Seafarers are vital to the global economy, sustaining trade and national prosperity. The UK’s Value of Shipping 2025 report shows the industry employs over 98,000 people directly and supports more than 728,000 jobs, contributing £16.1 billion in direct GVA and £46.2 billion overall. As Transport Secretary Heidi Alexander MP stated, UK shipping “is crucial to economic growth and opportunity,” facilitating trade, travel, and essential services. Around 100,000 vessels call at UK ports annually—one every five minutes. In 2024, shipping enabled £957.3 billion in UK trade, supporting over 140,000 exporters and 350,000 importers, while ports handled 434.9 million tonnes of cargo. Ferries serve 2.4 million people, and millions more travel through UK ports each year. Shipping jobs are 121.8% more productive and pay 20% more than average, with each role supporting six others. As Rhett Hatcher -CEO of the UK Chamber of Shipping- noted, shipping is the “lifeblood of the UK economy.”

Since the Strait of Hormuz crisis, costs have surged, impacting Asia. 45.5 million need aid, 9.1 million more may face shortages. Countries including Bangladesh, Pakistan, the Philippines, Nepal and Sri Lanka face immediate risks. One-third of fertiliser passes through the Strait, raising costs and disrupting planting, with UN FAO (Food and Agriculture Organization) warnings of wider food risks.

The crisis is straining debt-burdened developing economies. In Afghanistan, logistics costs are up around 20%, with up to half of aid commodities at risk. In Myanmar, 90% fuel imports have led to rationing and restricted aid delivery. In Bangladesh, fuel limits, blackouts, and higher freight costs are disrupting energy access and supply chains.

Legal Impact

According to the United Nations (UN), 20,000 workers are stranded in the Strait.
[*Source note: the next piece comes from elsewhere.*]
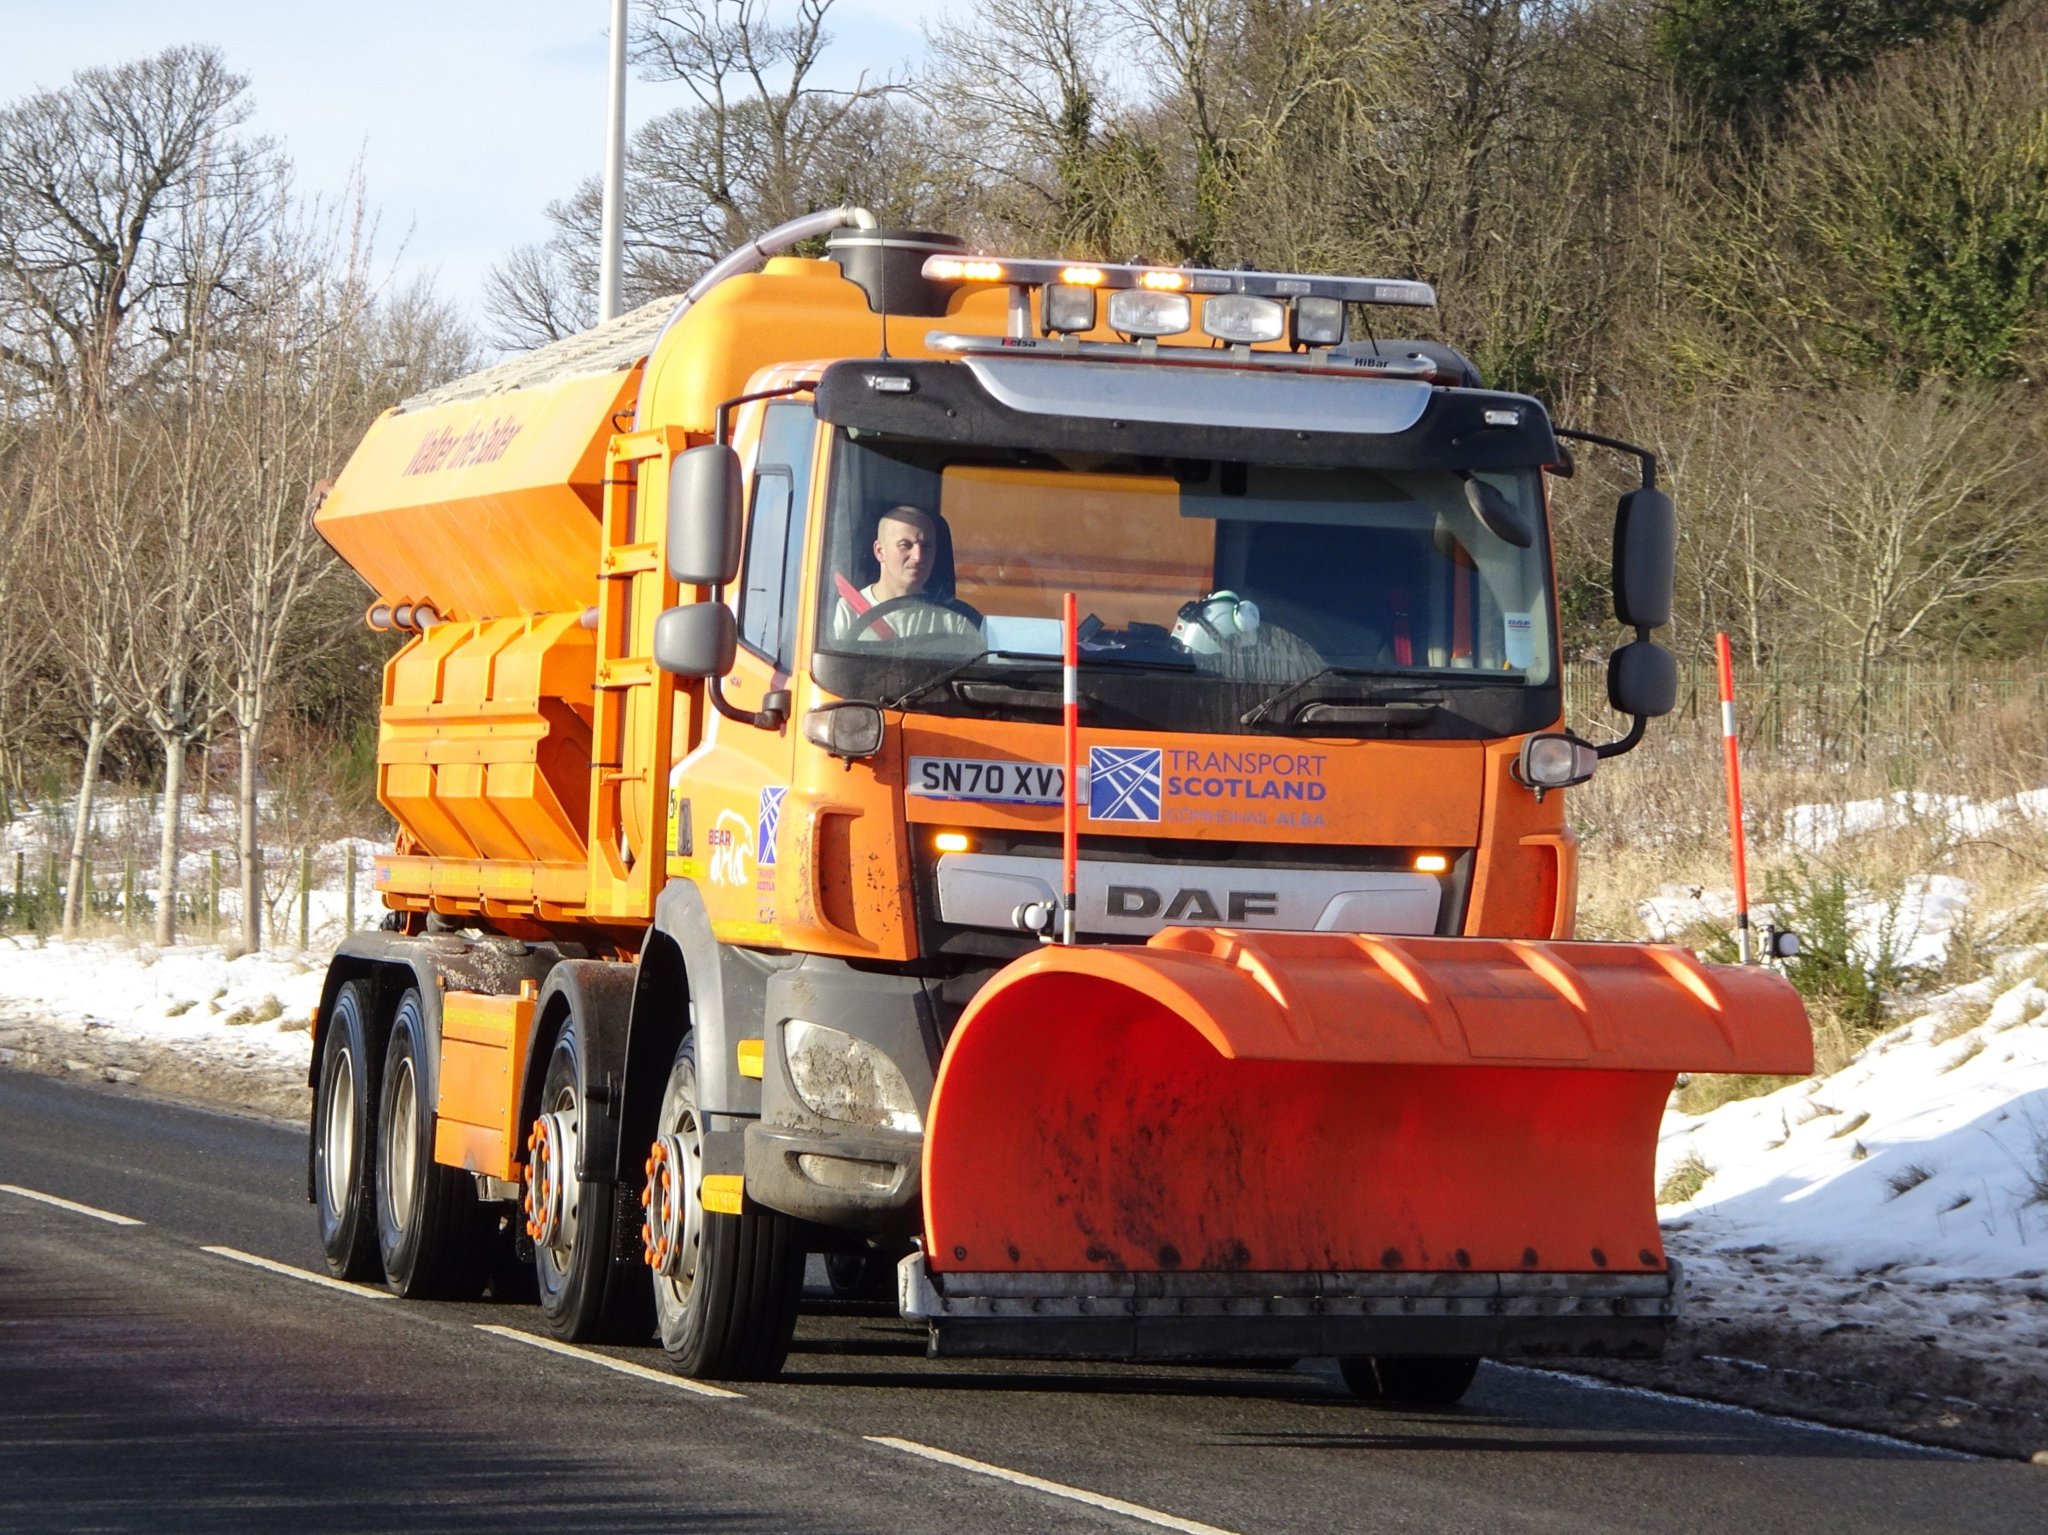 Winter Maintenance Service gets underway on A92 from Dundee to Arbroath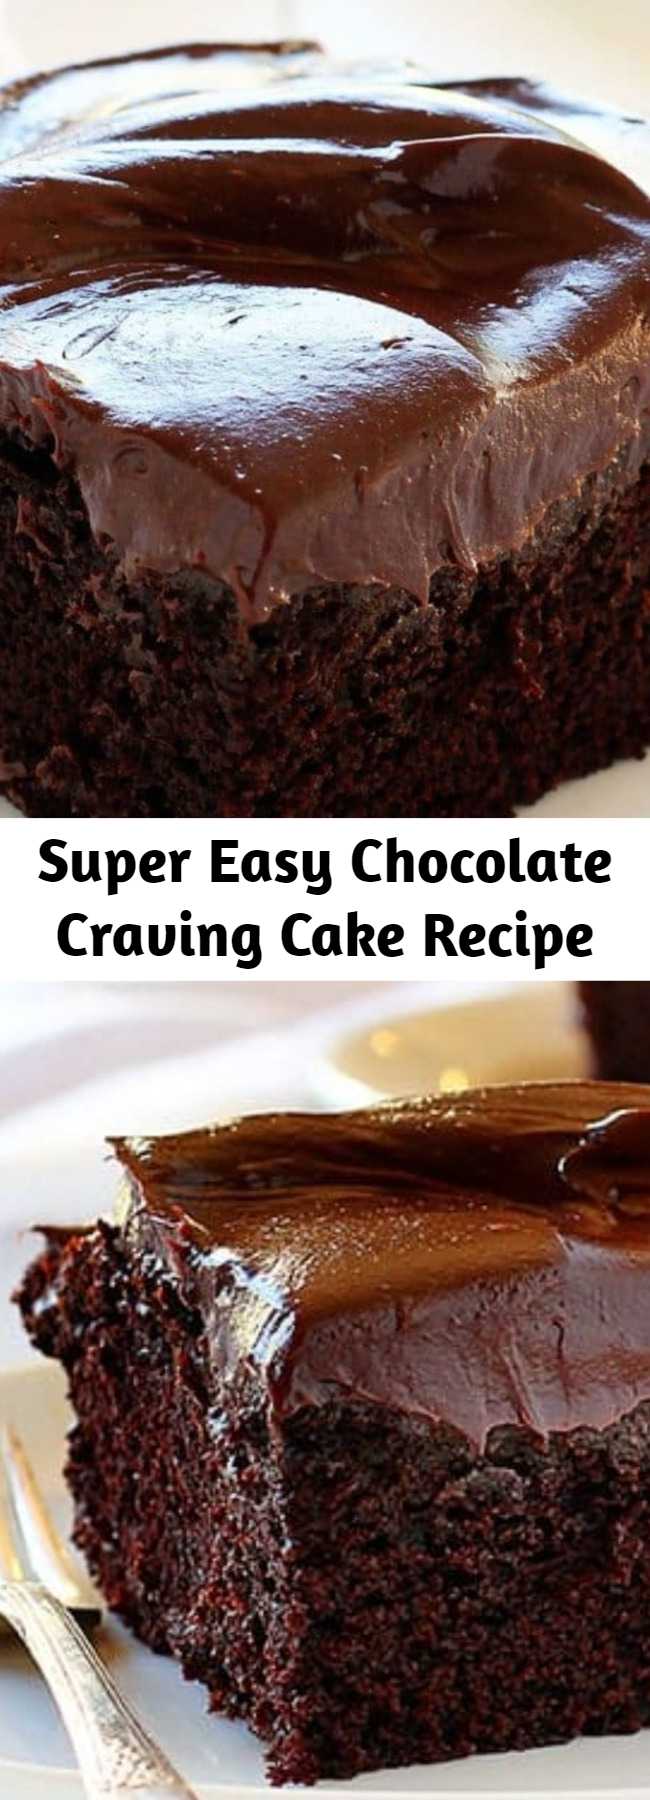 Super Easy Chocolate Craving Cake Recipe - This homemade Valentine treat is one of the best chocolate cake recipes! Chocolate Craving Cake is what dreams are made of - decadent, rich chocolate flavor paired with chocolate frosting. A satisfying dessert without the fuss! Save this Valentine's Day food idea!

Key legal rights for seafarers in the Strait of Hormuz include:

  • Right to refuse sailing: Seafarers under ITF/IBF agreements can refuse to sail through the Strait of Hormuz, Gulf of Oman, and Persian Gulf without disciplinary action or dismissal.
  • Right to repatriation: Under the Maritime Labour Convention (MLC) 2006, they are entitled to repatriation at the shipowner’s expense if they do not proceed into a war zone.
  • Enhanced compensation: If they agree to sail, they receive 100% bonus pay and double compensation for injury or death.
  • Withdrawal of consent: They may withdraw consent and request repatriation if conditions become more dangerous.
  • Right to information: Shipowners must provide clear, timely risk information and may invoke war-risk clauses such as BIMCO CONWARTIME to avoid unsafe routes.
  • War Risks Clauses: Owners may invoke clauses in their contracts (such as BIMCO CONWARTIME) to refuse to sail to areas deemed unsafe.

Future Outlook

Overall, seafarers’ safety remains uncertain, with unclear future outcomes.